= Task =
Reproduce the lines of the material exactly, excluding every image.

= Exercise data =

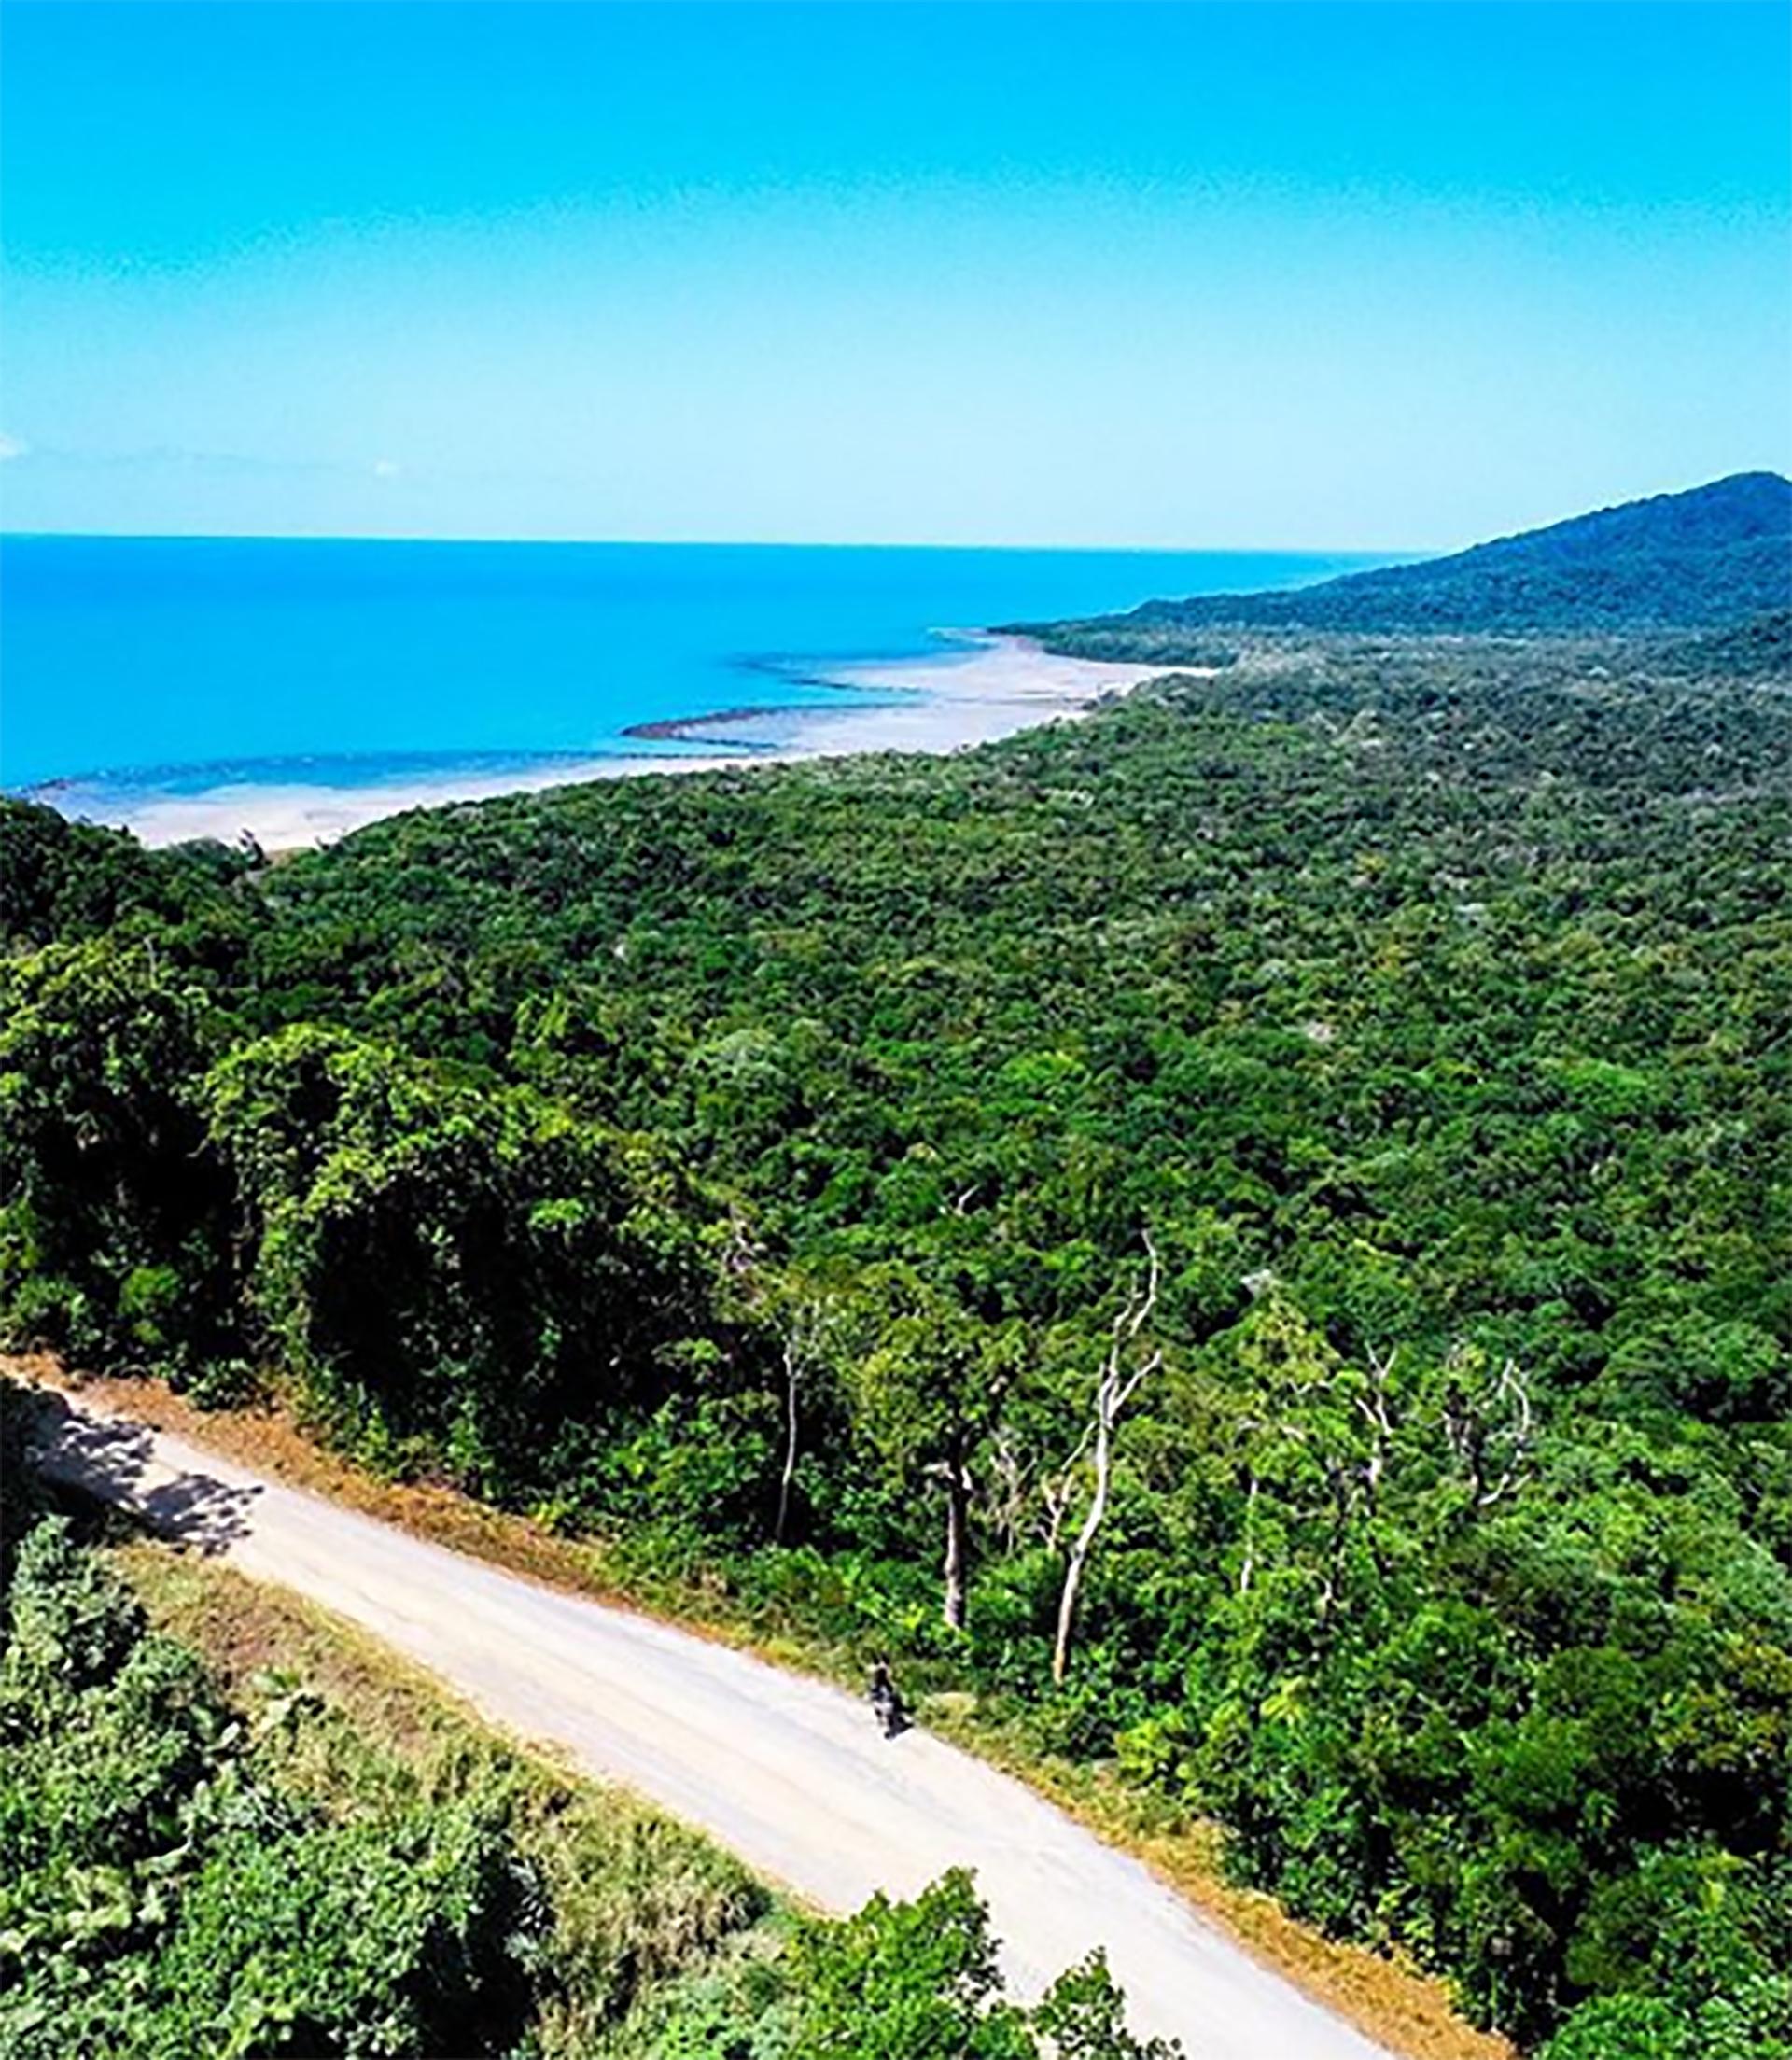 El bosque tropical de Daintree es el más antiguo de la tierra (@oneridearmy)
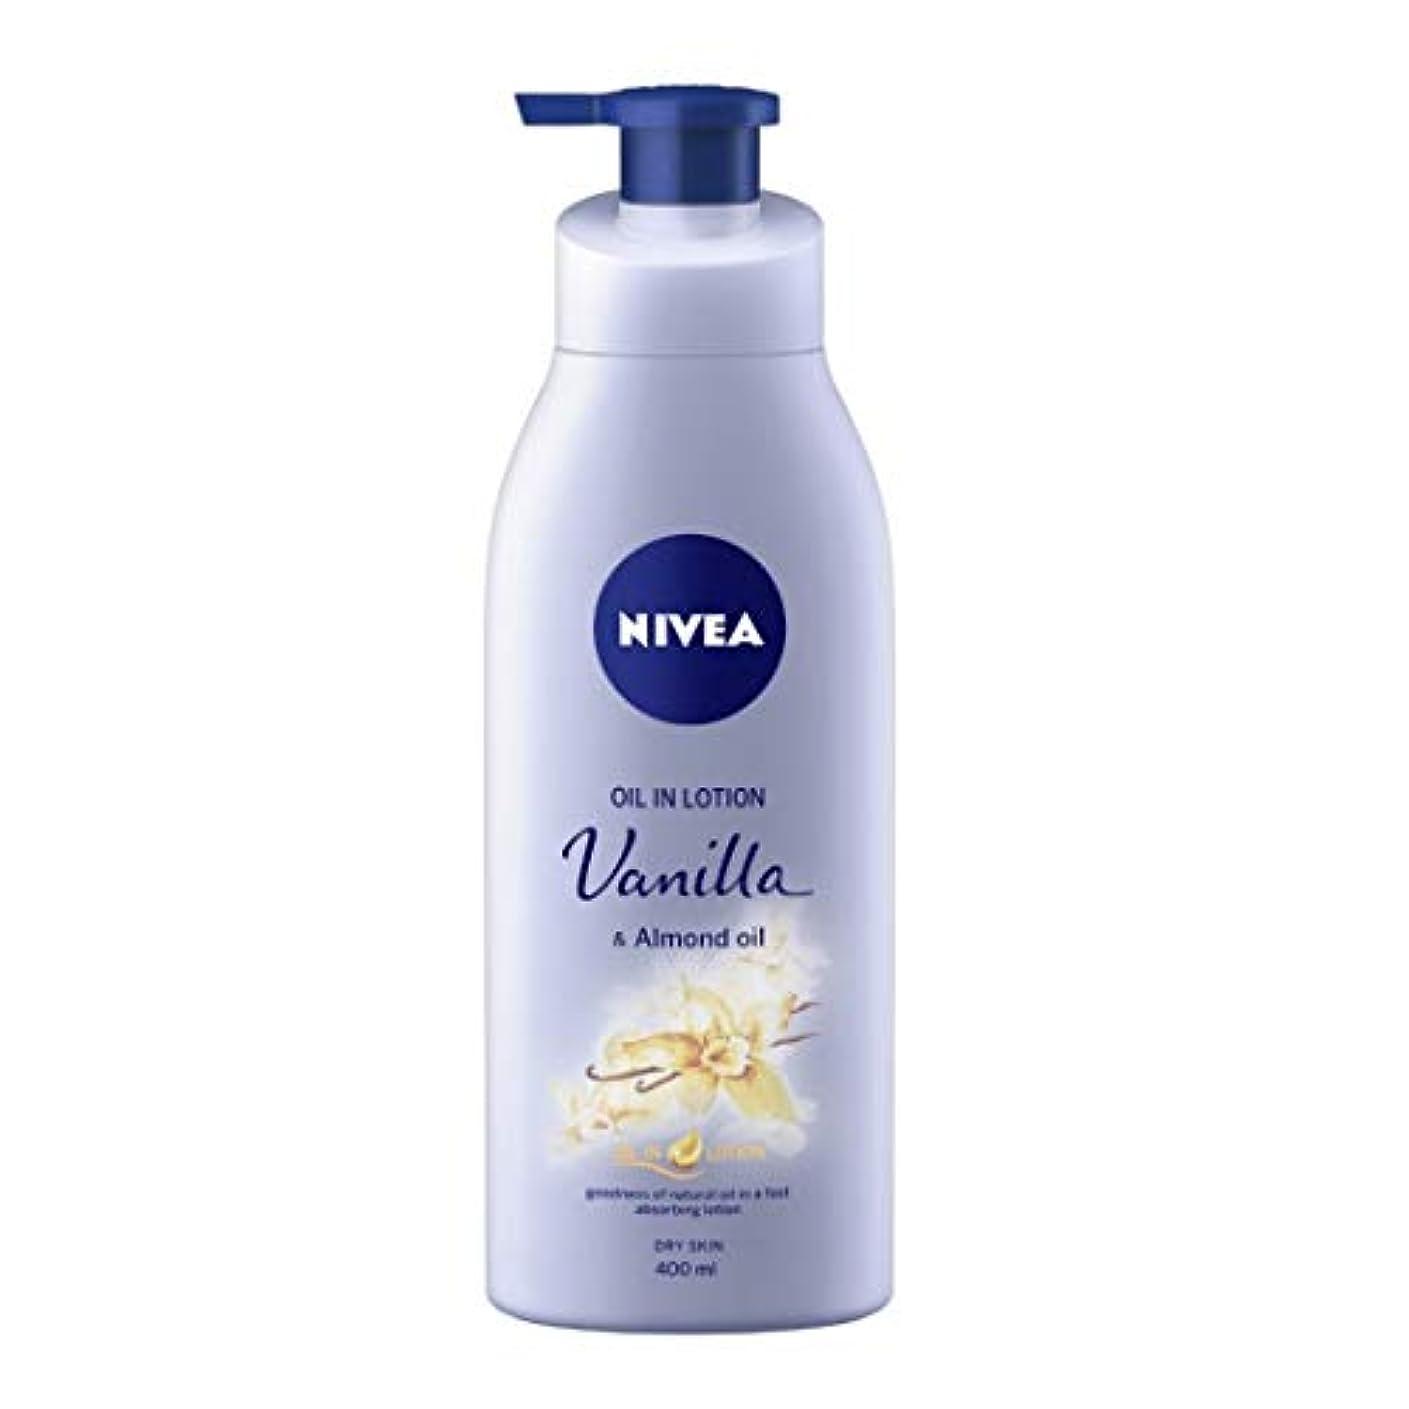 壁紙電球相手NIVEA Oil in Lotion, Vanilla and Almond Oil, 400ml
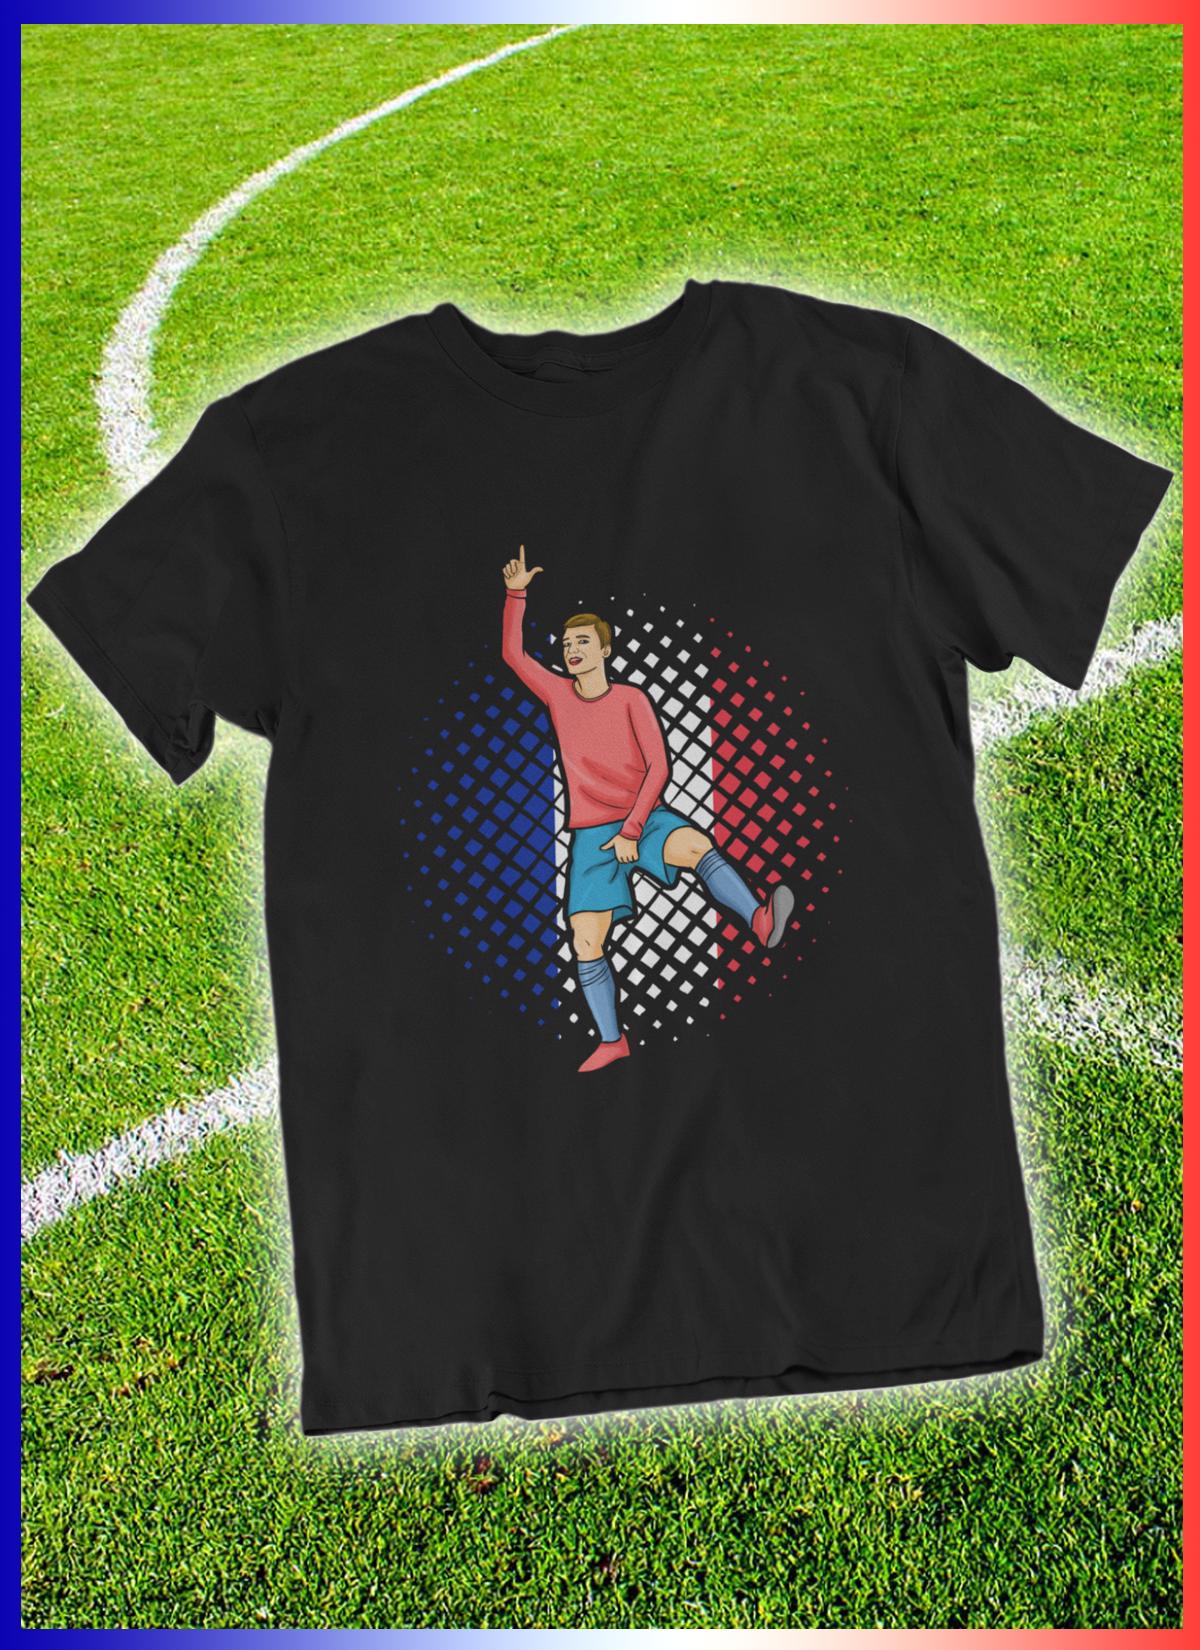 on sale 65f82 f3a63 Frankreich Sieger Jubel L-Tanz | T-Shirts, Shirts, Hoodies ...

= Answer area =
 El bosque tropical de Daintree es el más antiguo de la tierra (@oneridearmy)
 壁紙電球相手NIVEA Oil in Lotion, Vanilla and Almond Oil, 400ml
 on sale 65f82 f3a63 Frankreich Sieger Jubel L-Tanz | T-Shirts, Shirts, Hoodies ...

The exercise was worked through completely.